Kinetis vs STM32

Of the STM32 (ST Microelectronics) and the Kinetis family (Freescale), I have only worked on the STM32 family of processors and therefore, I will be able to detail my experience with the STM32 and hoping that someone else can do the same for the Kinetis, so you can contrast the two. This list may not be complete, and is simply based on my experience.

PROS:

  1. ST provide a massive set of libraries for each of their processors that you get for free. These libraries contain a massive list of functions required to do most of the basic low level interfacing with the hardware and can make your life a lot simpler.

    e.g void GPIO_Init(GPIO_TypeDef* GPIOx, GPIO_InitTypeDef* GPIO_InitStruct) This initializes the GPIOx peripheral according to the specified parameters in the GPIO_InitStruct.

    Simply populate the GPIO structure (and there are example projects to guide you through this process), and call the GPIO_init function. This saves you having to look up atleast 4-5 registers and figuring out what each bit should be.

  2. Their microcontrollers have the Read protect functionality, which can help you protect your IP to some extent, if not completely. There are tons of microcontrollers out there, that don't really do this very well.

  3. They have a family of low power micro-controllers, their L1 series, that have various different levels of power saving features that can be turned on/turned off when required.

  4. Although there are many manufacturers that are now doing their versions of the ARM CM3 cores, ST's F series chips have had a few revisions and although not completely bug free, they are now fairly mature.

  5. Almost all the variants I have worked on have tons of Timers and other peripherals and you can never have enough of those. :)

  6. To get you started, they have some example projects that can be programmed into their evaluation boards, they almost always give you for free. Although I think most other manufacturers would do the same.

CONS:

  1. Although the above mentioned libraries definitely help a lot, however some of the function names are not intuitive and it takes a while to get your head around their naming conventions. This is not true for the entire library, but there is a fair bit of code, that is not well commented, and you will really have to read it to figure out what it is doing.

  2. If you are using their libraries and want to turn on MISRA checking for your project, you will get tons of errors/warnings as their code does not seem to be MISRA compliant. You will need to find a way to exclude their libraries from your MISRA checking. There are ways around this, but they require a bit of work to do so.

  3. ST's documentation for the processors that I have worked on is a bit poor. Their datasheets are not very well written. The information is not in one central/main document. There have what they call a reference manual, tons of application notes and atleast one datasheet. You have to really trawl through these documents sometimes to find the information you are after.
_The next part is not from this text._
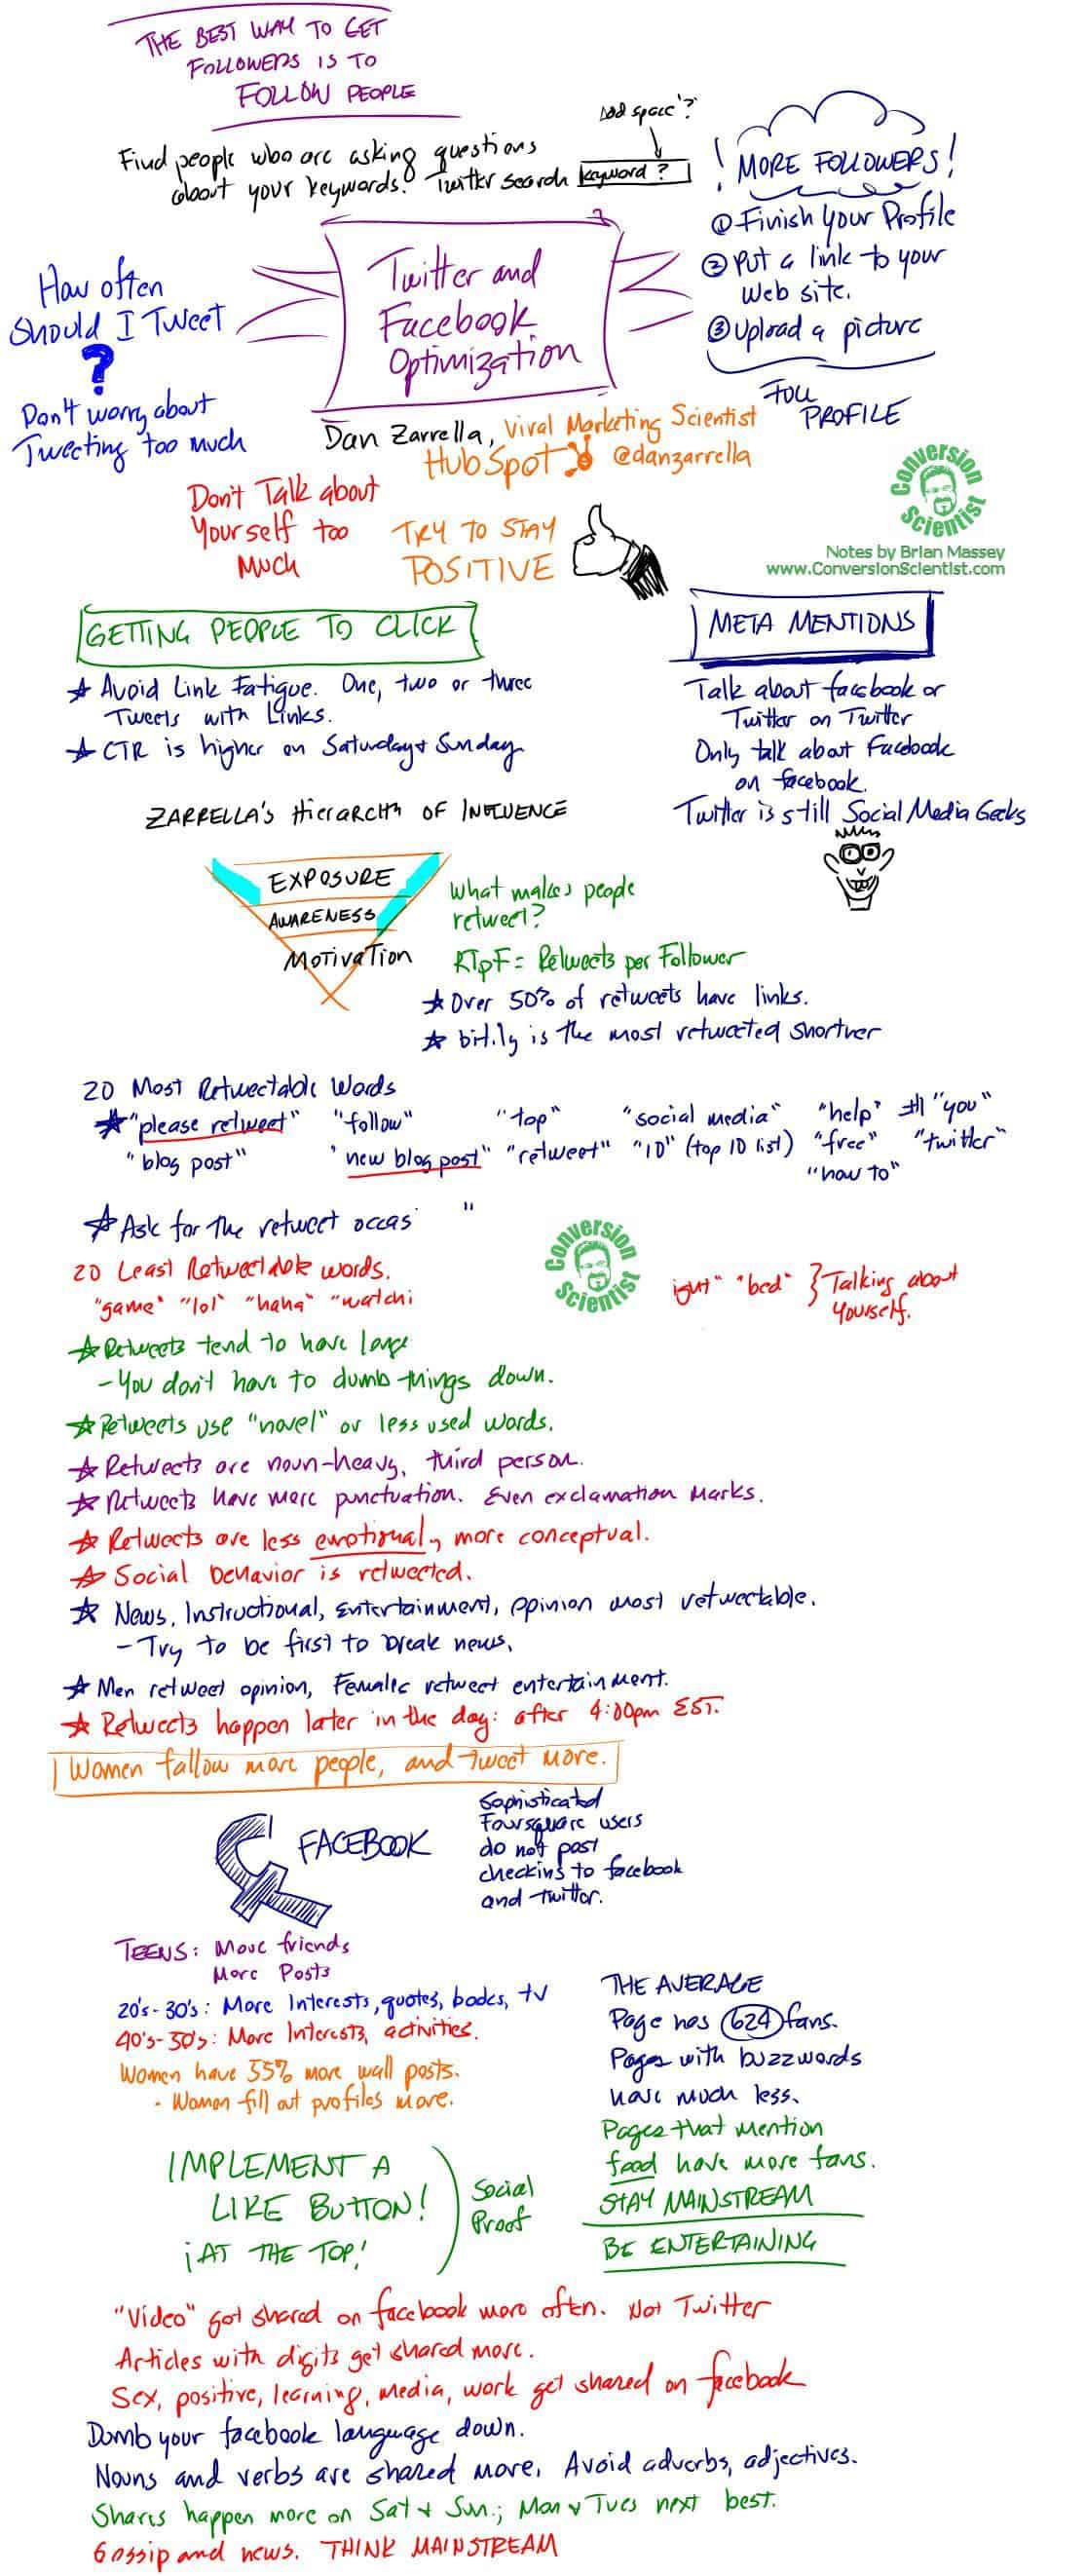 Dan Zarrella Twitter and Facebook Optimization Notes.

    They often describe GPIO ports, and a recommended setting for one of the bits
    maybe described 50 pages later.

That is all I can think of at the moment, hopefully this gives you bit of an idea about the STM32 products. I will add more, if I can think of anything else.

A suggestion would be to get an evaluation board for both types of microcontrollers (Kinetis one and an STM32 one), which have the peripherals that you are after, and have a play with them.

That will give you a really good feel for which one suits your needs best.


K70 has very buggy silicon. Often peripherals that you have described have only lite functionality; for example, it is a good to use cache with external memory, but if you use this memory with DMA you will need to flush the cache manually. K70 has an LCD controller, but it is almost impossible to achieve a resolution better than 480x272, which is not better than can be achieved with standard MCUs. The K70 has a monster clock generator, but only a few peripherals are able to use it instead of the bus clock.
The most important thing is I've found that the complicated low power management simply doesn't work!


I assume that you are comparing the Kinetis with the STM32F4 Cortex-M4 processors. I have not actually used either but have been looking at them for possible use in an up-coming project. There are also M4 device families available from TI-Stellaris and announced by Atmel and NXP many of which to include the floating point processor, loads of serial ports and timers.

The support in terms of software for the processors (Freescale and ST) looks good with Freescale providing an interface library and a royalty free RTOS for their parts. ST provide a set of interface libraries that allow the configuration and use of their processors and peripherals.

ST devices seem to win the processing speed war with a quoted speed of 168MHz using (IIRC) a wide memory bus to the program flash. This may or may not be important for you.

The Kinetis parts are the more mature, having been available for nearly a year. As a result there is now quite a large family of devices in production with a wide range of interfaces and peripheral sets. The ST parts have only been out for about a month, although they did release a number of parts at the same time as announcing the family. Their range of parts will increase in much tha same way as their Cortex-M3 family has.